I hate the EBS ads with a vengeance but I don't understand people getting so worked up about it and can't see what the problem is with parents saying no to such a proposal from the children if it doesn't suit them. We are dealing with adults (parents and children) here after all.

From some of the reaction to this ad (including Marian Finucane taking the EBS representative to task over it) one would think that people lost all of their decision making faculties in the face of such a ferocious advertising onslaught! :rolleyes


----------



## US (17 Jan 2003)

*Family First*

Yes, there are tax implications in gifting money to children,but you'd have to gift an awful lot - about €450,000, if I recall - before you'd have to worry about them.

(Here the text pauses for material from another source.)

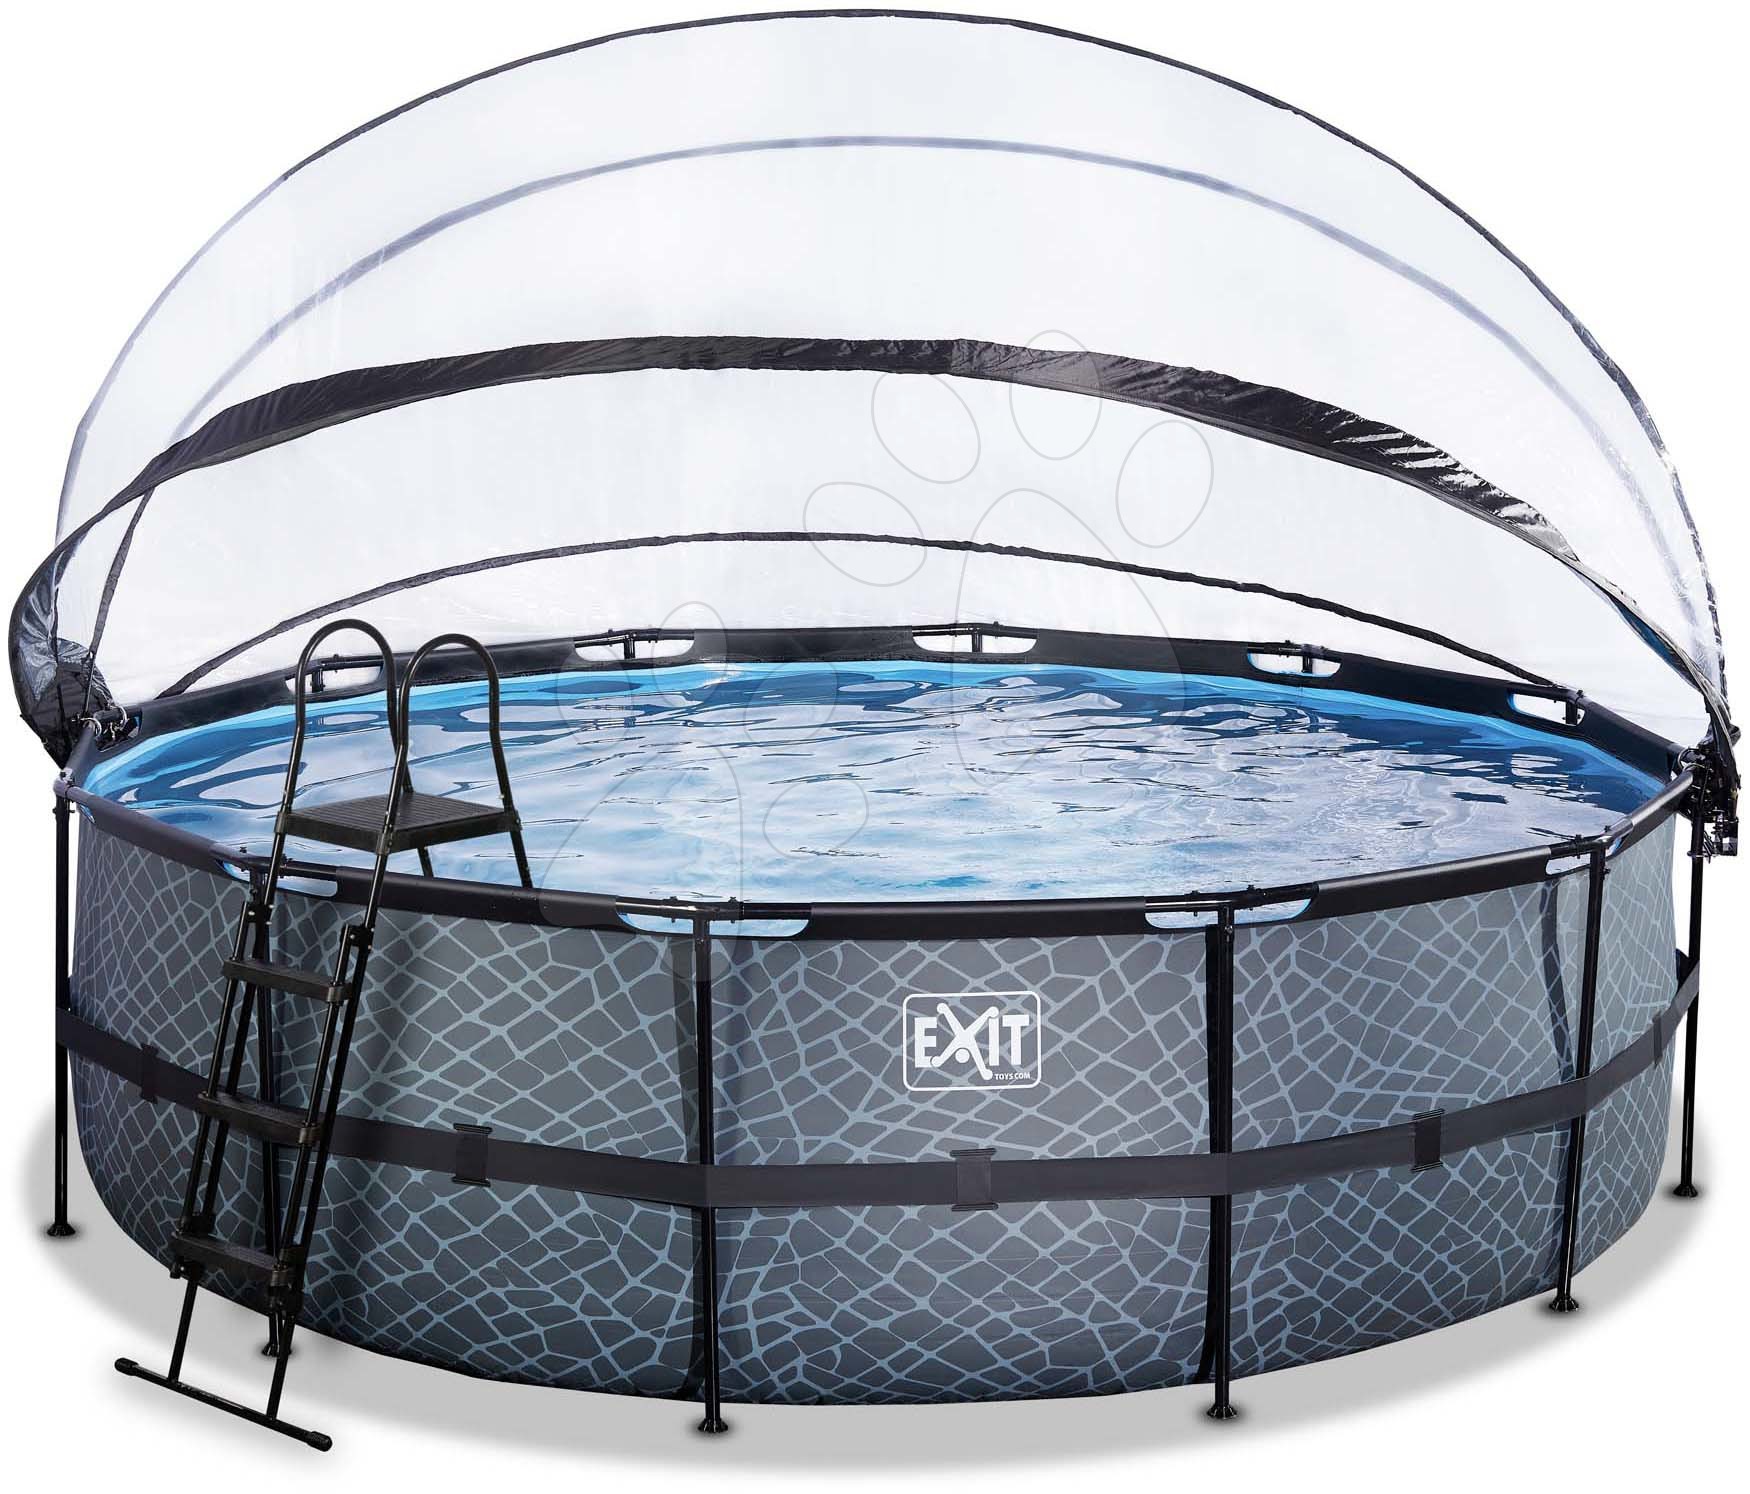 Bazén s krytom pieskovou filtráciou a tepelným čerpadlom Stone pool Exit Toys kruhový oceľová konštrukcia 488*122 cm šedý od 6 rokov

The ESB doesn't care if the parents lend the money to the children.  Why should it?  If the children cannot pay both loans, the ESB is protected - it has security over the children's house but the parent will have none.  So, yes, the parent will be at a loss.


----------



## ClubMan (17 Jan 2003)

*Re: Family First*

Looks like the  seems to have extended to US now! :lol


----------



## Brendan Burgess (21 Jan 2003)

*Re: Family First*

I haven't seen or heard the ad, so I can't comment on it. The ad in today's Irish Times is unacceptable to me. It says that parents can borrow at no cost for the first three years, or words to that effect. This is grossly misleading. Just because they are not making repayments doesn't mean that the interest bill isn't ticking up. 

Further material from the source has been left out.